Experimental program
Comparison scheme
Effect test

Synthetic example 1

[0222] Tetraethoxysilane 25.1g (containing 70 mol% in all silanes), phenyltrimethoxysilane 1.71g (containing 5 mol% in all silanes), 4.60g methyltriethoxysilane (containing 5 mol% in all silanes) Contain 15 mol% in silane), acryloyloxypropyltrimethoxysilane 4.03g (contain 10 mol% in all silanes), acetone 53.1g join in the flask of 300ml, utilize magnetic stirrer to carry out while mixing solution While stirring, 11.5 g of 0.01M aqueous hydrochloric acid solution was added dropwise. After the addition, the flask was transferred to an oil bath adjusted to 85°C and refluxed for 240 minutes. Then, 70 g of propylene glycol monomethyl ether acetate was added, and acetone, methanol, ethanol, hydrochloric acid, and water were distilled off under reduced pressure, and concentrated to obtain a hydrolysis-condensation product (polymer) solution. Furthermore, propylene glycol monomethyl ether acetate was added, and the solvent ratio was adjusted so that 100% of propylene glycol monomethy...

Synthetic example 2

[0224] 22.0 g of tetraethoxysilane (65 mol% in all silanes), 1.61 g of phenyltrimethoxysilane (5 mol % in all silanes), 12.09 g of acryloxypropyltrimethoxysilane (Containing 30 mol% in all silanes), 53.5 g of acetone were put into a 300 ml flask, and 10.8 g of 0.01M hydrochloric acid aqueous solution was added dropwise while stirring the mixed solution with a magnetic stirrer. After the addition, the flask was transferred to an oil bath adjusted to 85°C and refluxed for 240 minutes. Then, 70 g of propylene glycol monomethyl ether acetate was added, and acetone, methanol, ethanol, hydrochloric acid, and water were distilled off under reduced pressure, and concentrated to obtain a hydrolysis-condensation product (polymer) solution. Furthermore, propylene glycol monomethyl ether acetate was added, and the solvent ratio was adjusted so that 100% of propylene glycol monomethyl ether acetate might become 20 mass % in conversion of the solid residue in 140 degreeC. The obtained poly...

Synthetic example 3

[0226] 8.24g of tetraethoxysilane (25 mol% in all silanes), 1.57g of phenyltrimethoxysilane (5 mol% in all silanes), 25.7g of acryloxypropyltrimethoxysilane (Containing 70 mol% in all silanes), 53.7 g of acetone were put into a 300 ml flask, and 10.6 g of 0.01 M hydrochloric acid aqueous solution was added dropwise, stirring the mixed solution with a magnetic stirrer.
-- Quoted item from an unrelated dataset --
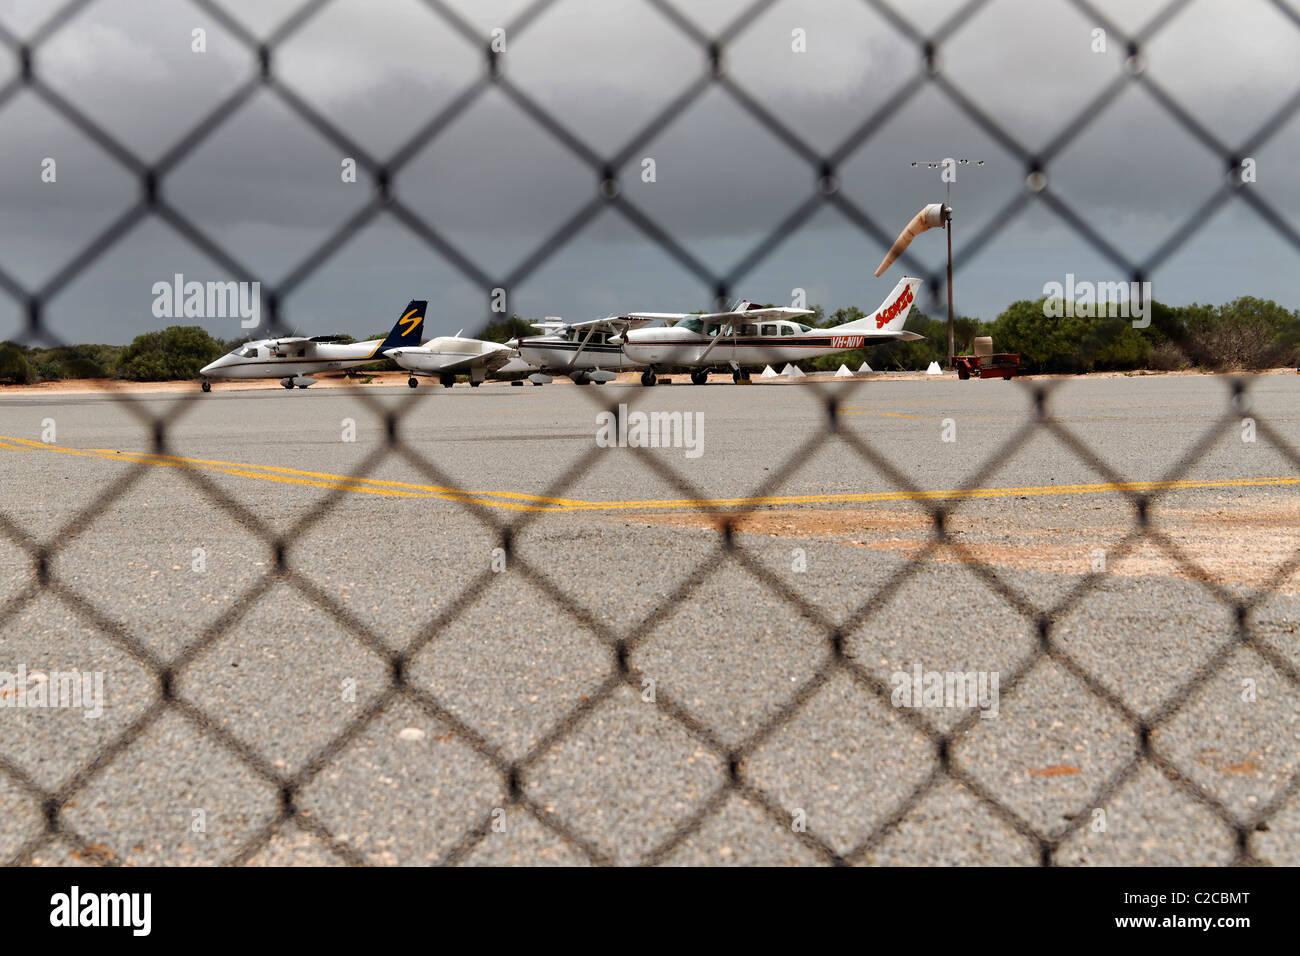 Light aircraft seen through wire fence at Denham airport, Shark Bay, Northwest Australia - Stock Image

After the addition, the flask was transferred to an oil bath adjusted to 85°C and refluxed for 240 minutes. Then, 70 g of propylene glycol monomethyl ether acetate was added, and acetone, methanol, ethanol, hydrochloric acid, and water were distilled off under reduced pressure, and concentrated to obtain a hydrolysis-condensation product (polymer) solution. Furthermore, propylene glycol monomethyl ether acetate was added, and the solvent ratio was adjusted so that 100% of propylene glycol monomethyl ether acetate might become 20 mass % in conversion of the solid residue in 140 degreeC. The obtained polymer corre...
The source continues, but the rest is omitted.